-------- Data extract --------
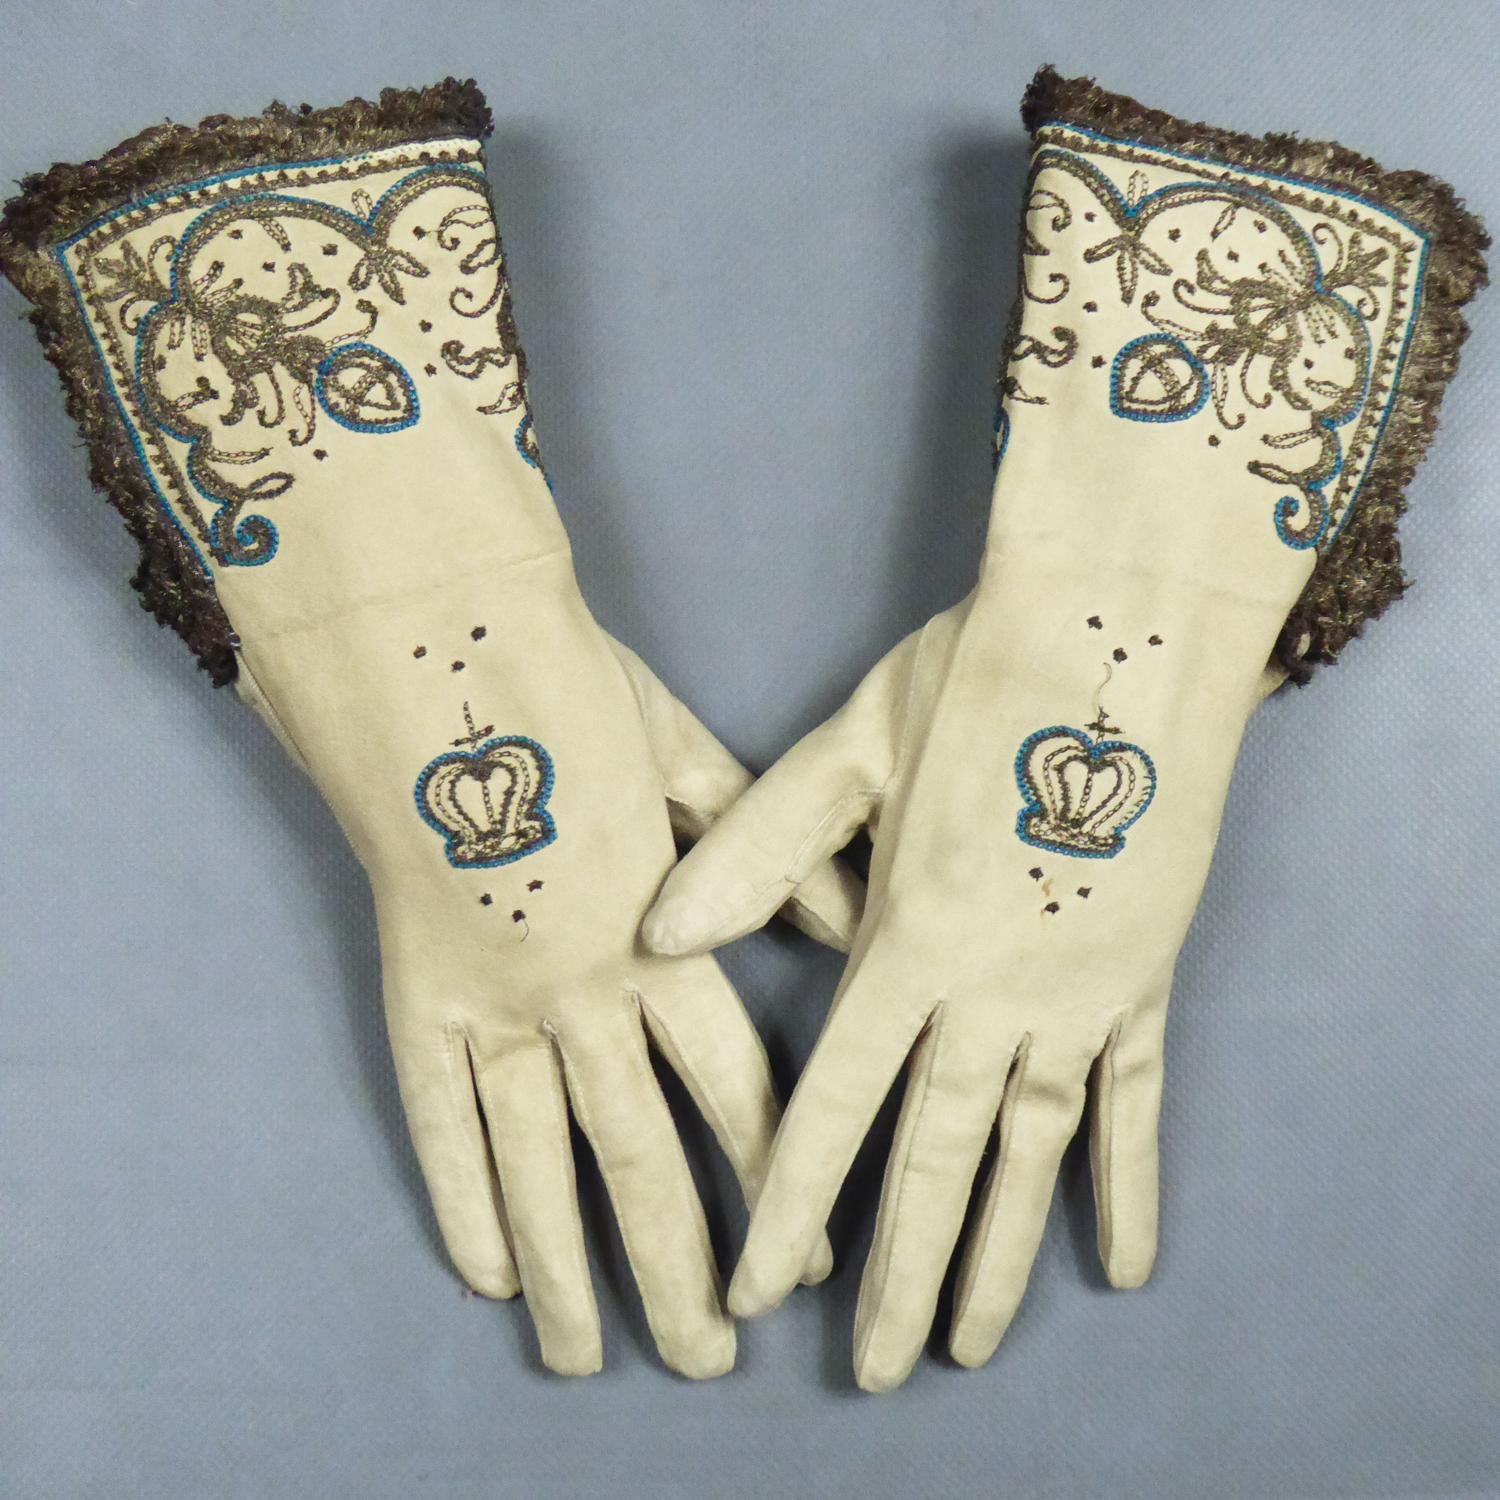 17th century gloves
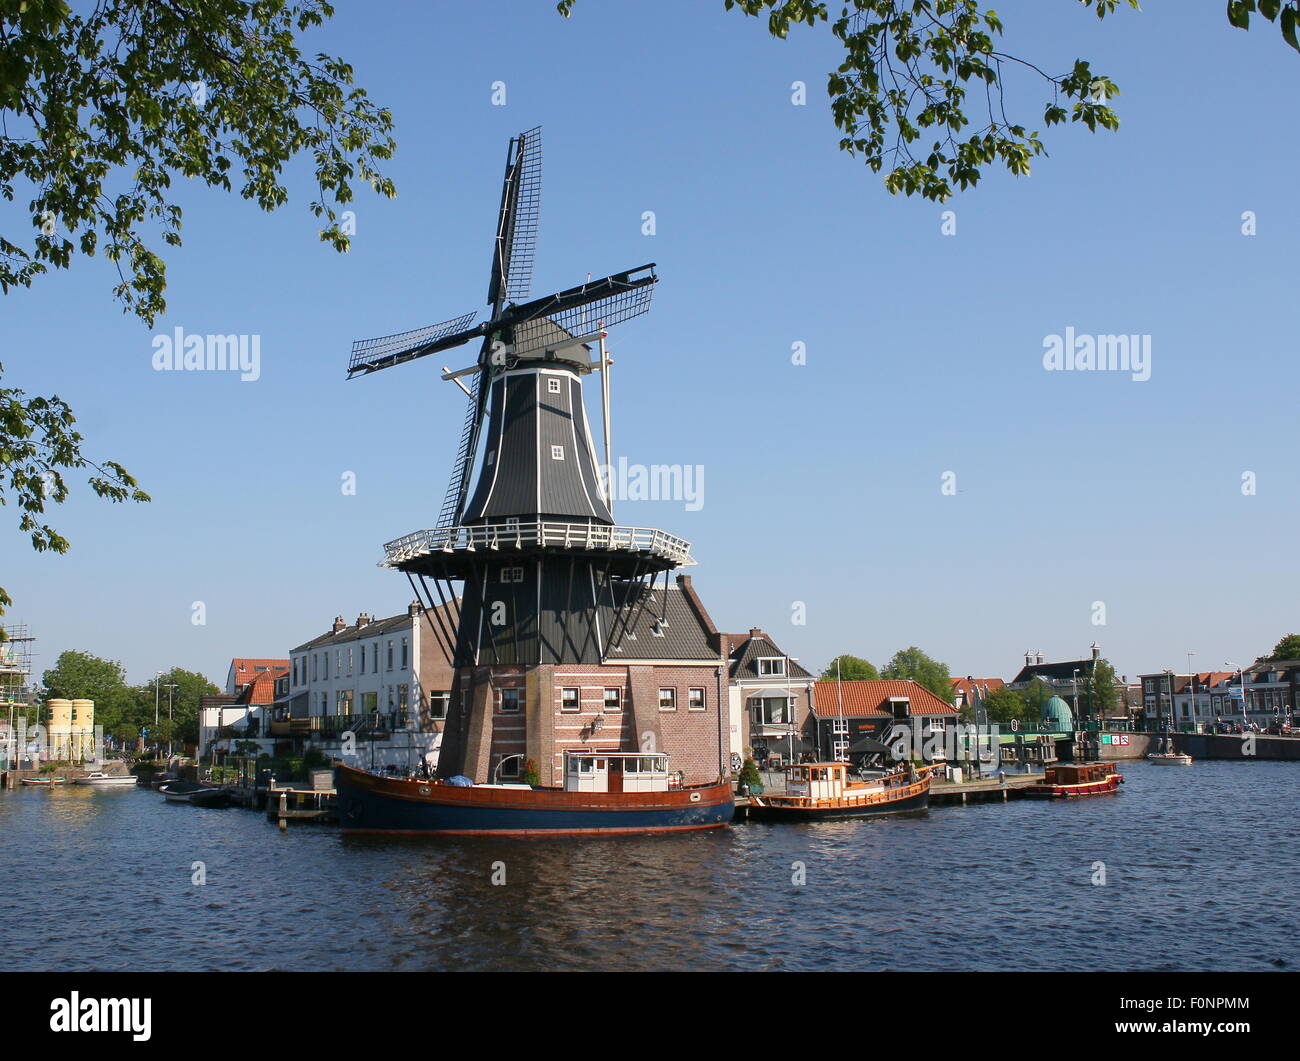 De Adriaan Windmühle in Haarlem, Niederlande. Im Jahr 2002 wieder aufgebaut. Die ursprüngliche Windmühle stammt aus dem Jahr 1779. Gesehen vom Fluss Spaarne Stockfoto
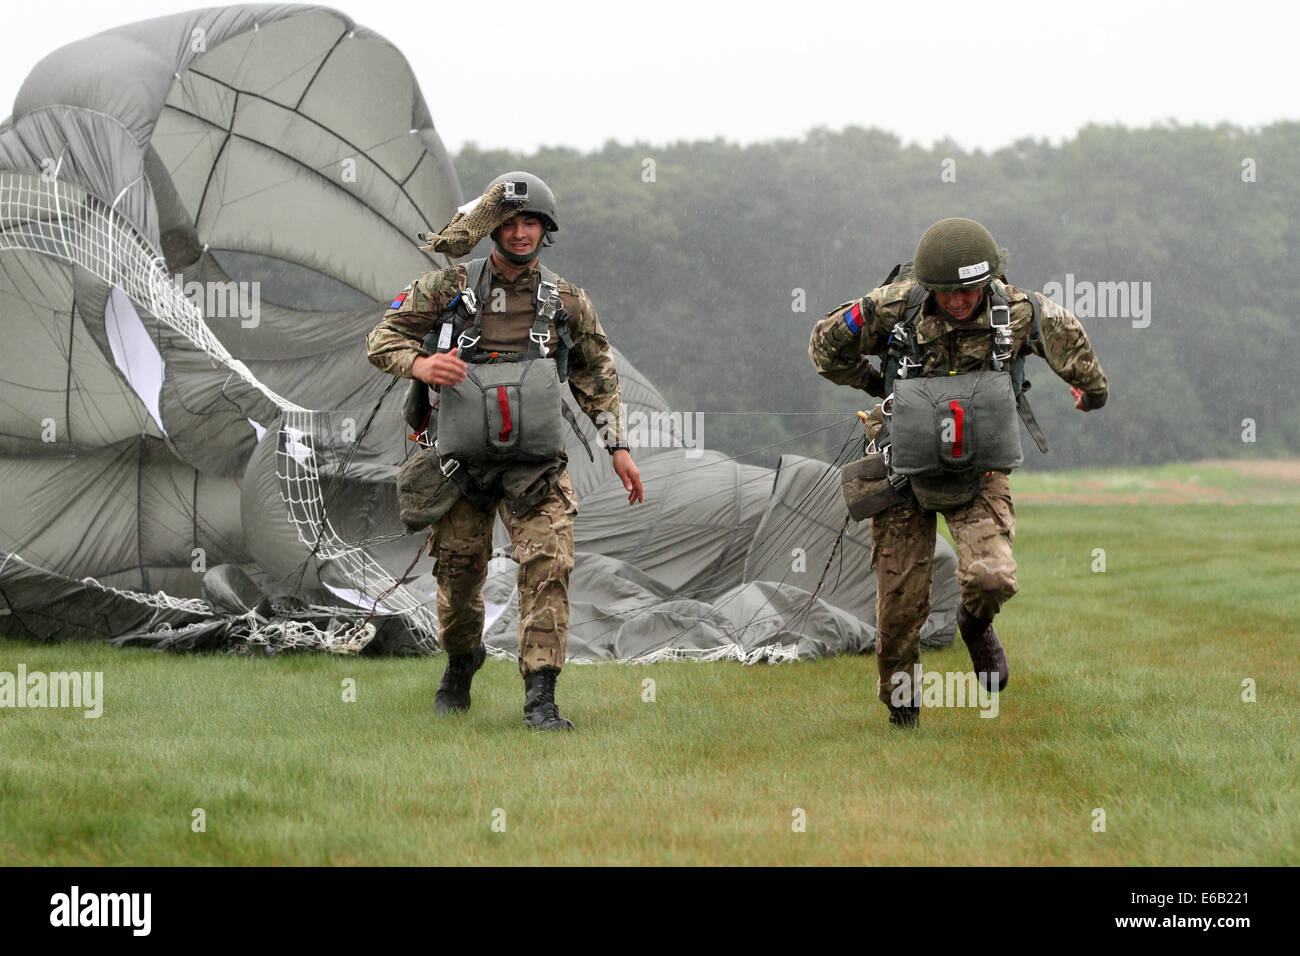 Les parachutistes militaires britanniques traversent la zone de chute au cours de Leapfest XXXI Kingston, R.I., 3 août 2014. Un parachute dans l'Leapfest est parrainée par la Garde nationale de Rhode Island pour promouvoir la formation technique de haut niveau au sein de l'int Banque D'Images
--------
■ **Task directions**
Each line of the material needs to be given again exactly, without any of its pictures.

■ **Output for this exercise**
 17th century gloves
 De Adriaan Windmühle in Haarlem, Niederlande. Im Jahr 2002 wieder aufgebaut. Die ursprüngliche Windmühle stammt aus dem Jahr 1779. Gesehen vom Fluss Spaarne Stockfoto
 Les parachutistes militaires britanniques traversent la zone de chute au cours de Leapfest XXXI Kingston, R.I., 3 août 2014. Un parachute dans l'Leapfest est parrainée par la Garde nationale de Rhode Island pour promouvoir la formation technique de haut niveau au sein de l'int Banque D'Images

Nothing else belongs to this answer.